Comme un feu-follet, Peter traverse tous les univers, qu’ils s’agissent des clubs gays, des plateaux de films pinks ou de l'appartement d'une communauté de cinéastes expérimentaux. Matsumoto filme avec humour ces jeunes révolutionnaires, qui tordent les images d'une télévision pour les refilmer en 16mm, et citent fièrement les théories de "Monas Jekass". Mais plus profondément, ni les travestis, ni les cinéastes ne répondent à la norme ; créatures paniques, ce sont les agents du désordre, qu'il soit sexuel, social ou  artistique. Même à Tokyo en 1969, l'androgyne reste une figure du chaos. Peter devient le réceptacle de visions que Matsumoto emprunte au pan psychédélique du cinéma expérimental : les flicker de Tony Conrad, les spasmes épileptiques de Paul Sharits, les danses stroboscopées de Ronald Nameth. La trajectoire d’Eddie est faite de moment de joie intense mais aussi d'errances somnambuliques dans un ténébreux musée des masques et de crises d'angoisses qui lui font perdre ses esprits.
Comme le Mike narcoleptique de My Own Private Idaho, Eddie est sujet à des absences qui fracturent le film. Il s'évanouit et reprend connaissance à des moments antérieurs du récit, comme s'il cherchait dans le temps un point précis. La perception d'Eddie est déréglée par un moment obscur, refoulé, de son passé (le meurtre de sa mère), à l'origine de sa transformation d'adolescent apeuré en jeune fille extravertie. Incognito, Eddie rejoue bien la tragédie d'Œdipe, même si à la place d'être sacré roi Thèbes, il devient la Mama-san d'un club gay. Tout en brodant sur le mythe sa fantaisie pop, Matsumoto ne le néglige pas pour autant : le fatum reprend toujours ses droits par surprise, et de la plus sanglante façon qui soit. Cette tragédie est celle de ces figures chatoyantes qui s'étourdissent dans la nuit tokyoïte mais n'ignorent pas que leur place n'est nulle part. Eddie, les yeux crevés, sort dans la rue et expose aux passants son visage ensanglanté. Ce qu'il dévoile alors en plein soleil est toute la violence de la société envers ceux qu'elle rejette dans la nuit.

Cet article fait partie du dossier « Tokyo, années 60, L’esprit de Shinjuku » paru dans les Cahiers du cinéma n° 662, décembre 2010.

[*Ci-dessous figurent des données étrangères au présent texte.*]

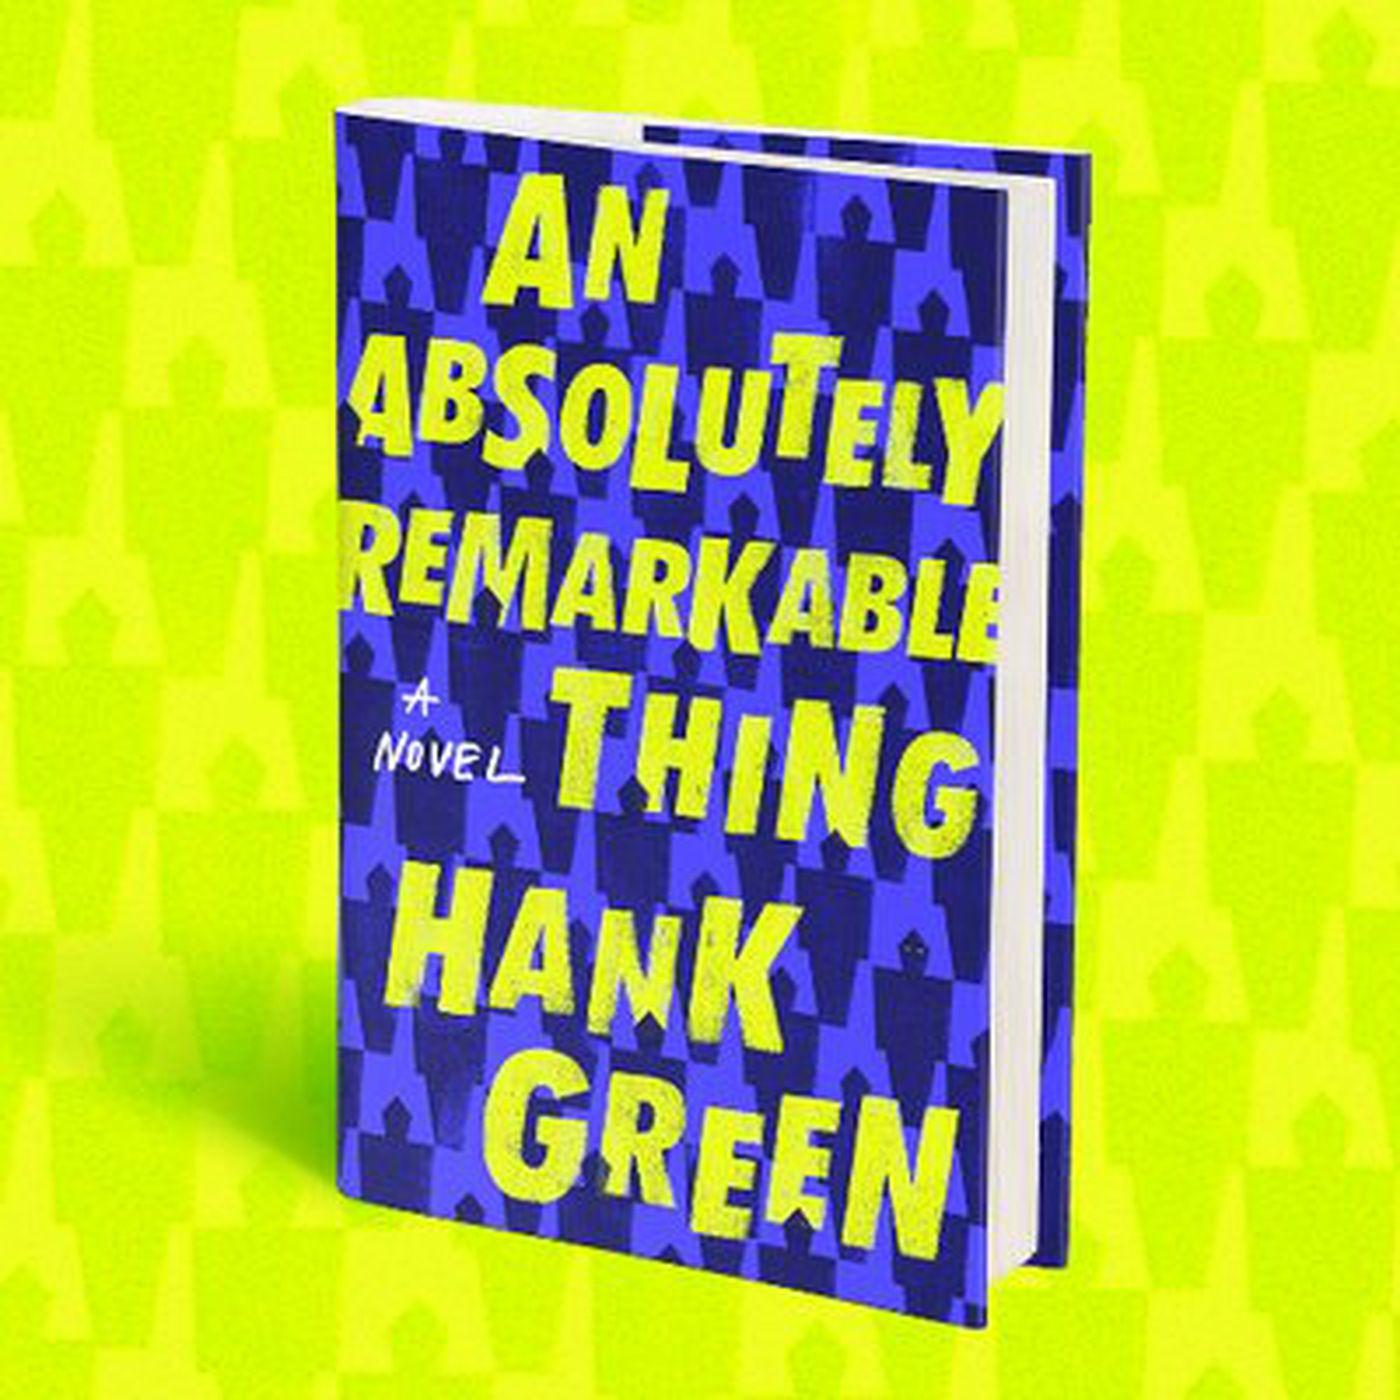 YouTuber Hank Green on art, giant robots, and internet fame

Le dossier comprend également
Un panorama des sixties révolutionnaires japonaises
Cinéma pink et guérilla - entretien avec Masao Adachi (première interview française de Masao Adachi)
Citique du Soldat dieu de Koji Wakamatsu
Se battre avec les images - entretien avec Koji Wakamatsu
Mort aux artistes ! entretien avec Jim O’Rourke

Pour commander le numéro, ici




Sur Peter, un autre billet ici


Peter, onnagata pop


Ran (1985) de Kurosawa c’est bien sûr Nakadai dans le rôle d’Hidetora, démon kabuki furieux à la crinière blanche, mais c’est aussi Kyoami, le fou interprété par un étrange acteur nommé Peter ou Pitâ mais rarement de son vrai nom Shinnosuke Ikehata. Pour la plupart des spectateurs, même ceux féru du cinéma japonais classique, Peter est une apparition. D’où vient ce personnage androgyne, clownesque, à la sensibilité bouleversante ?

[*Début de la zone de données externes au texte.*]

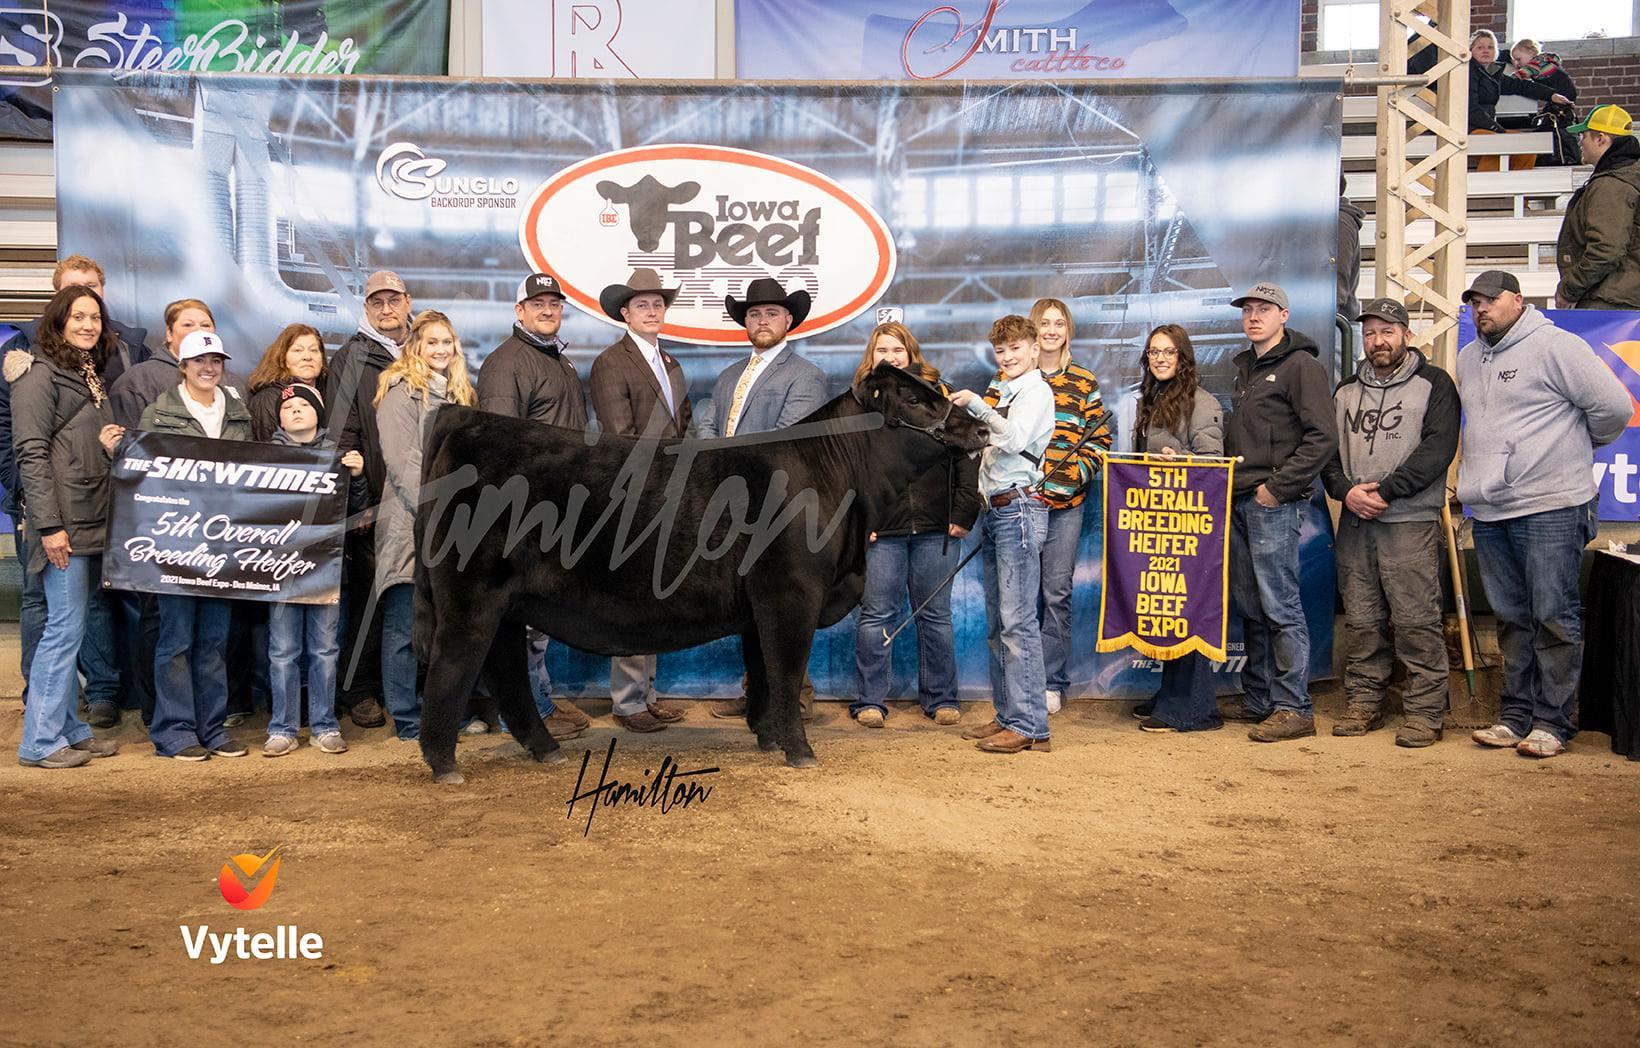 5th Overall Breeding Heifer

A la fin des années 60, Peter est une star des nuits gays tokyoïtes. Dans les boîtes de Nichome, c’est sa  silhouette de nymphe et ses collants qui lui ont donné son pseudonyme en référence à Peter pan. C’est là que le cinéaste Toshio Matsumoto le remarque et lui confie à 17 ans le premier rôle de son Œdipe Queen : le jeune travesti des Funérailles des roses (1969). 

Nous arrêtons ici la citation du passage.